Archive for May 13, 2022

Few basic things about ECS and Kubernetes


Important things to note about ECS and Kubernetes

Few basic things about ECS and Kubernetes


Basic Information about the AWS ECS and Kubernetes and there Components.

AWS ECS Basic Information:
AWS ECS is the Docker-suitable container orchestration solution from Amazon. It allows us to run containerised applications on EC2 instances and scale both of them. The below architecture shows the high-level information about ECS.




As shown above, ECS Clusters consist of Tasks which run in Docker containers, and container instances, among many other components. 

Here are some AWS services commonly used with ECS:

Elastic Load Balancer: This component can route traffic to containers. 3 kinds of load balancing are available: application, network and classic.

Elastic Block Store: This service provides persistent block storage for ECS tasks (workloads running in containers).

CloudWatch: This service collects metrics from ECS. Based on CloudWatch metrics, ECS services can be scaled up or down.

Virtual Private Cloud: An ECS cluster runs within a VPC. A VPC can have one or more subnets.

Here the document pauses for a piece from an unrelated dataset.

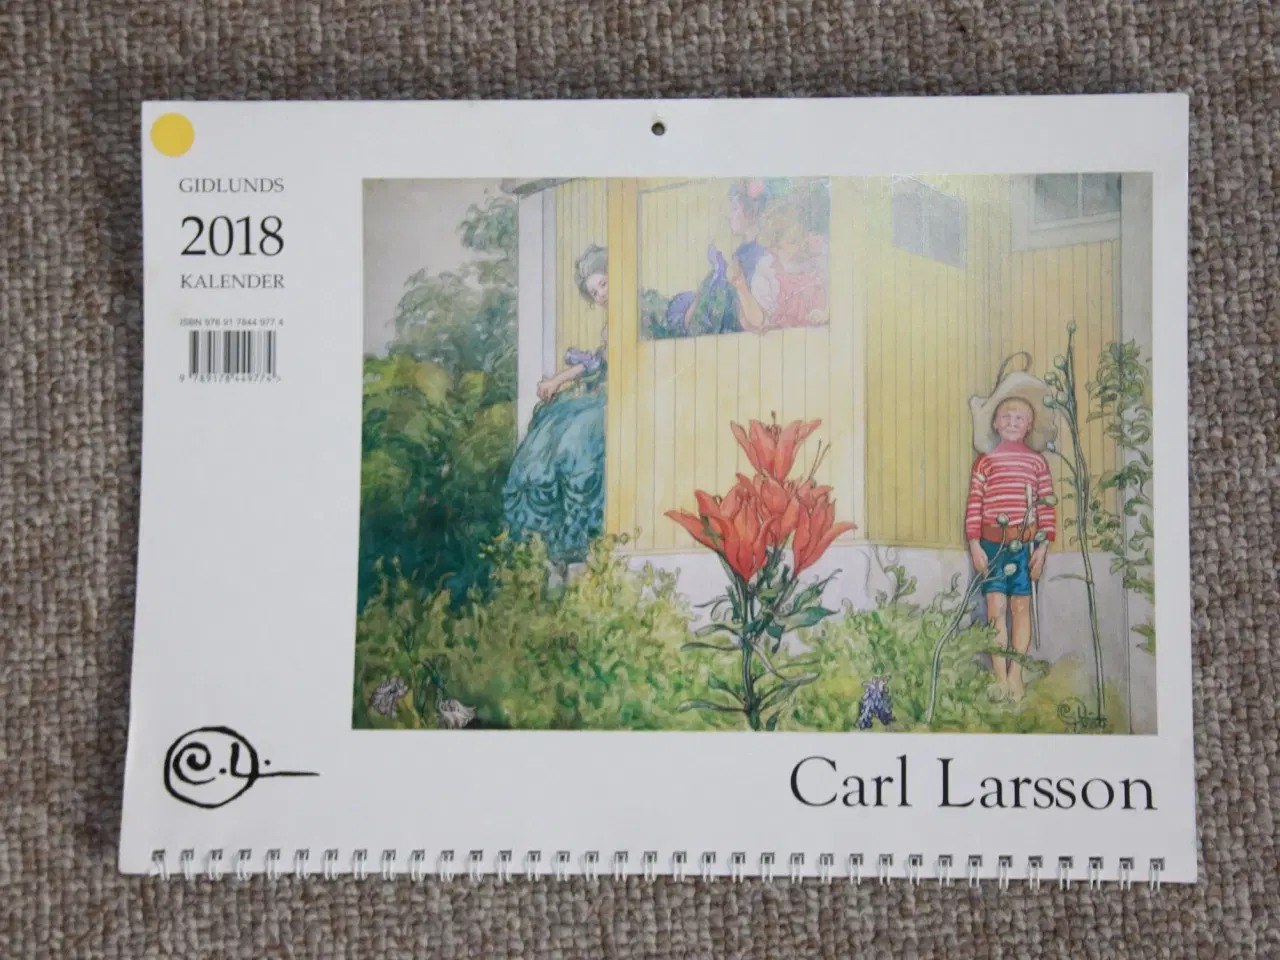 Billede 4 - Carls Larsson væg kalender 2014, 2016, 2018 Skagen

CloudTrail: This service can log ECS API calls. Details captured include type of request made to Amazon ECS, source IP address, user details, etc.

Elastic File System EFS: One can use EFS file system to mount the Volumes across the Instances running under ECS Cluster to have logs as an example at one place. Note: An Amazon EFS File System can only have mount targets in one VPC at a time.

ECS, which is provided by Amazon as a service, is composed of multiple built-in components which enable us to create clusters, tasks, and services:

State Engine: A container environment can consist of many EC2 container instances and containers. With hundreds or thousands of containers, it is necessary to keep track of the availability of instances to serve new requests based on CPU, memory, load balancing, and other characteristics. The state engine is designed to keep track of available hosts, running containers, and other functions of a cluster manager.

Schedulers: These components use information from the state engine to place containers in the optimal EC2 container instances. The batch job scheduler is used for tasks that run for a short period of time. The service scheduler is used for long running apps. It can automatically schedule new tasks to an ELB.

Cluster: This is a logical placement boundary for a set of EC2 container instances within an AWS region. A cluster can span multiple availability zones (AZs), and can be scaled up/down dynamically. A dev/test environment may have 2 clusters: 1 each for production and test.

Tasks: A task is a unit of work. Task definitions, written in JSON, specify containers that should be co-located (on an EC2 container instance). Though tasks usually consist of a single container, they can also contain multiple containers.

Services: This component specifies how many tasks should be running across a given cluster. You can interact with services using their API, and use the service scheduler for task placement.
Note that ECS only manages ECS container workloads – resulting in vendor lock-in. There’s no support to run containers on infrastructure outside of EC2, including physical infrastructure or other clouds such as Google Cloud Platform and Microsoft Azure. The advantage, of course, is the ability to work with all the other AWS services like Elastic Load Balancers, CloudTrail, CloudWatch etc.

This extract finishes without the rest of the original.